Posted by Connor Pelton on November 9th, 2011

  1. Washington State heads into this season with lower-than-normal expectations after the departures of Klay Thompson and DeAngelo Casto. Thompson and Casto were arguably the best two players on the roster a year ago, so this season the Cougars will need to rely on experience and chemistry if they are to return to a major postseason tournament. If they are to make the NIT or NCAAs, it will be because of their guard play. Marcus Capers and Reggie Moore both return in the backcourt, and with the additions of Fresno State transfer Mike Ladd and freshmen DaVonte Lacy and Dexter Kernich-Drew, the Cougars feel like they can go up against any group of guards in the nation. Washington State’s season will get underway next Monday night when they take on Gonzaga in Spokane [ed. update: head coach Ken Bone said Tuesday that Moore is questionable for Monday's game with a groin injury].
  2. Three regular season games have already tipped off across the nation, but the season doesn’t officially start at most places until Friday. That means the previews are still rolling out, including this look at each Pac-12 team and the best players in the conference. They have California guard Jorge Gutierrez and UCLA center Joshua Smith highlighting the first All Pac-12 team, while Oregon guard E.J. Singler and California forward Harper Kamp highlight the second. The All-Freshman Team includes four guards, highlighted by Arizona’s Nick Johnson and Washington’s Tony Wroten, Jr.
  3. Bakersfield High (CA) combo guard Tyrone Wallace committed to California on Monday, and in this interview with Jim McGill he talks about his decision. “I’m going to play the one and two, play combo,” says Wallace. “It depends on whatever we need. I’m versatile so Coach (Mike) Montgomery said they’d play me where I’d fit best at any given time.” Wallace is a four-star recruit coming out of high school and could see some major minutes next season with Gutierrez graduating. Wallace was down to Cal and Colorado before his commitment.
  4. Not only did Utah lose a game last Friday night, but they also lost a pair of key players for several weeks. The biggest loss was to starting center David Foster, who is out indefinitely after a foot injury. “We need Dave,” Utah coach Larry Krystkowiak said after the game. “When Dave went down, it put us in a little bit of a whirlwind.” The Utes have also lost junior shooting guard Chris Hines to a rib injury. The designated “sixth man” of the team will be out three weeks. The injuries mean that the Utes will only have eight scholarship players for their first six games of the year. Expect them to struggle mightily.
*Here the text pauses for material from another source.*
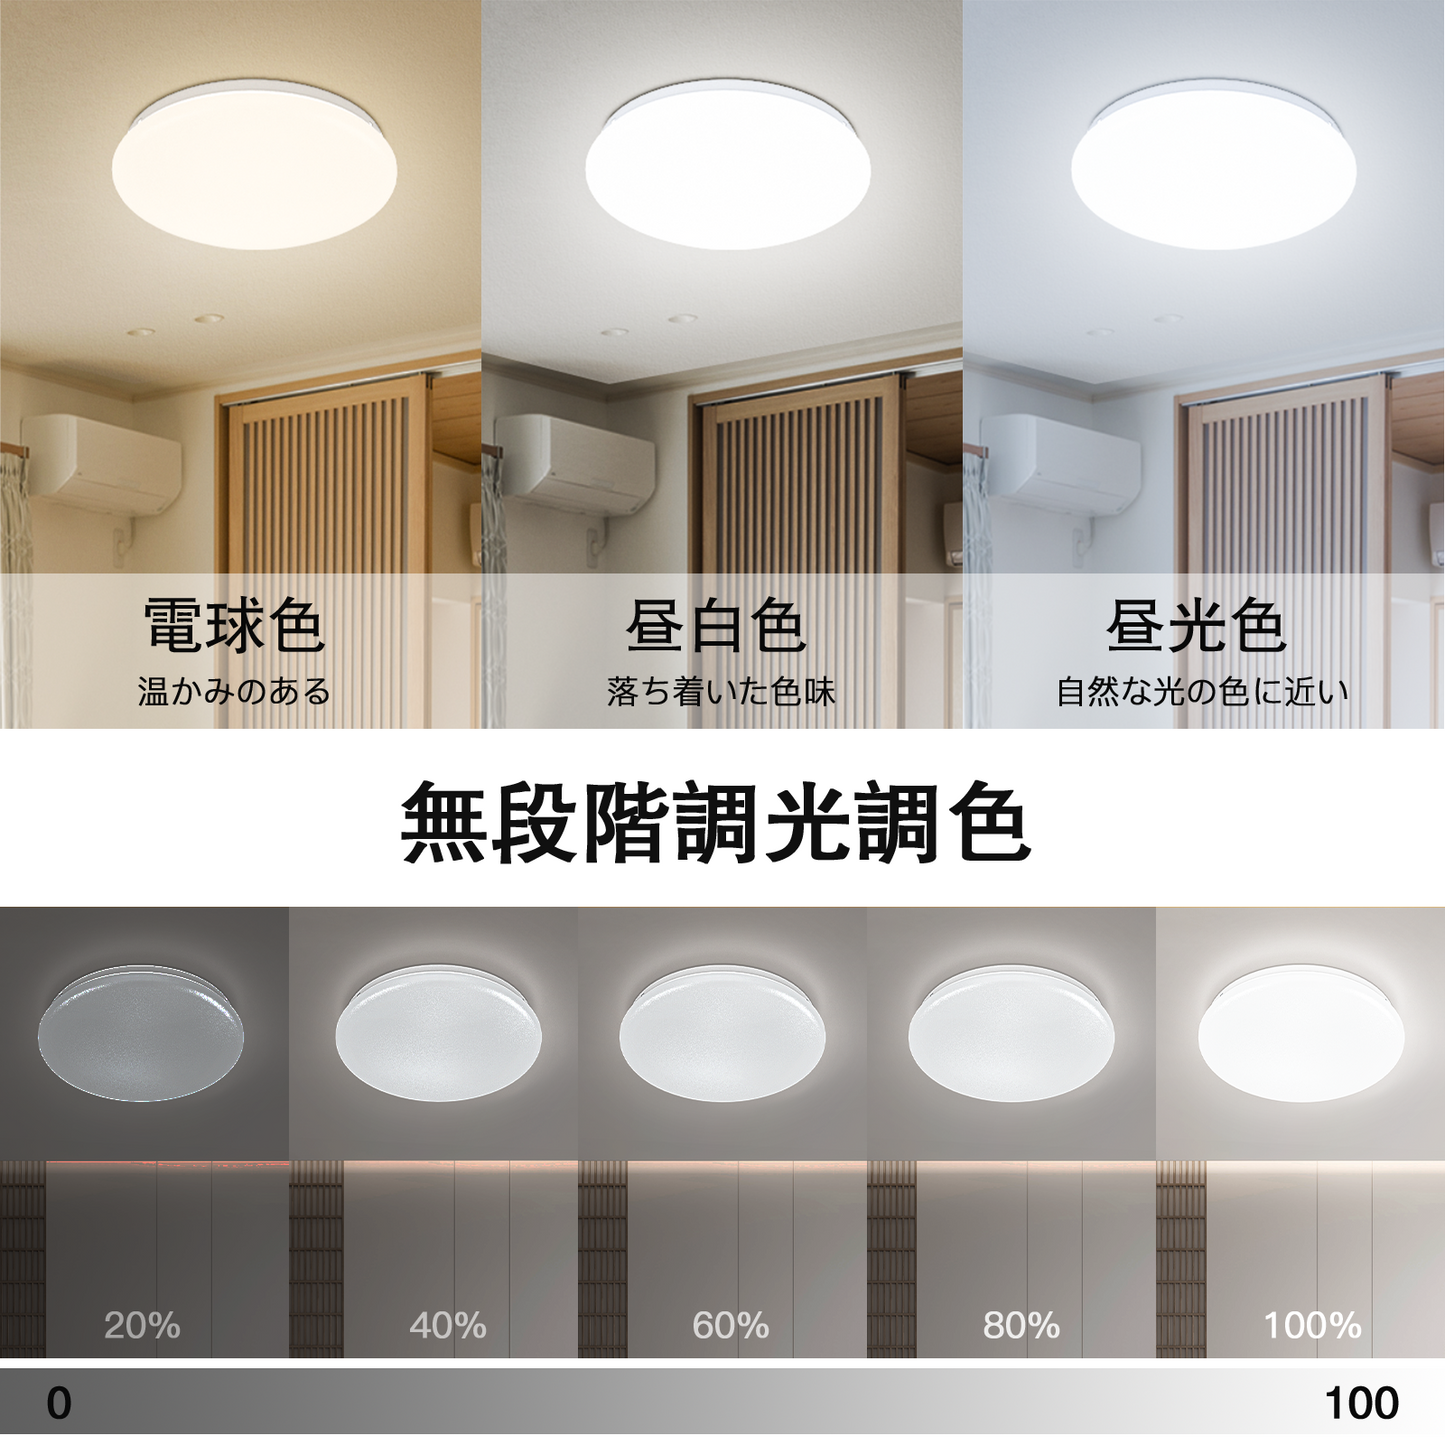 MOONPAI LEDシーリングライト 8畳 3600lm 直径33CM 調光 調色 リモコン付き 常夜灯 メモリー機能 15/30/60分タイマー 照明器具 天井照明 室内照明 寝室 リビング

  5. Stanford coach Johnny Dawkins is hoping that the meaningful minutes most of his freshman played last year will translate into victories this season. While Dawkins knows that the majority of his team is still mostly sophomores (seven of them, to be exact), the Cardinal doesn’t have much of a choice. If players like forward Dwight Powell, guard/forward Anthony Brown, and center Stefan Nastic all have big years and get some help from senior center Josh Owens, this team could be on the rise again.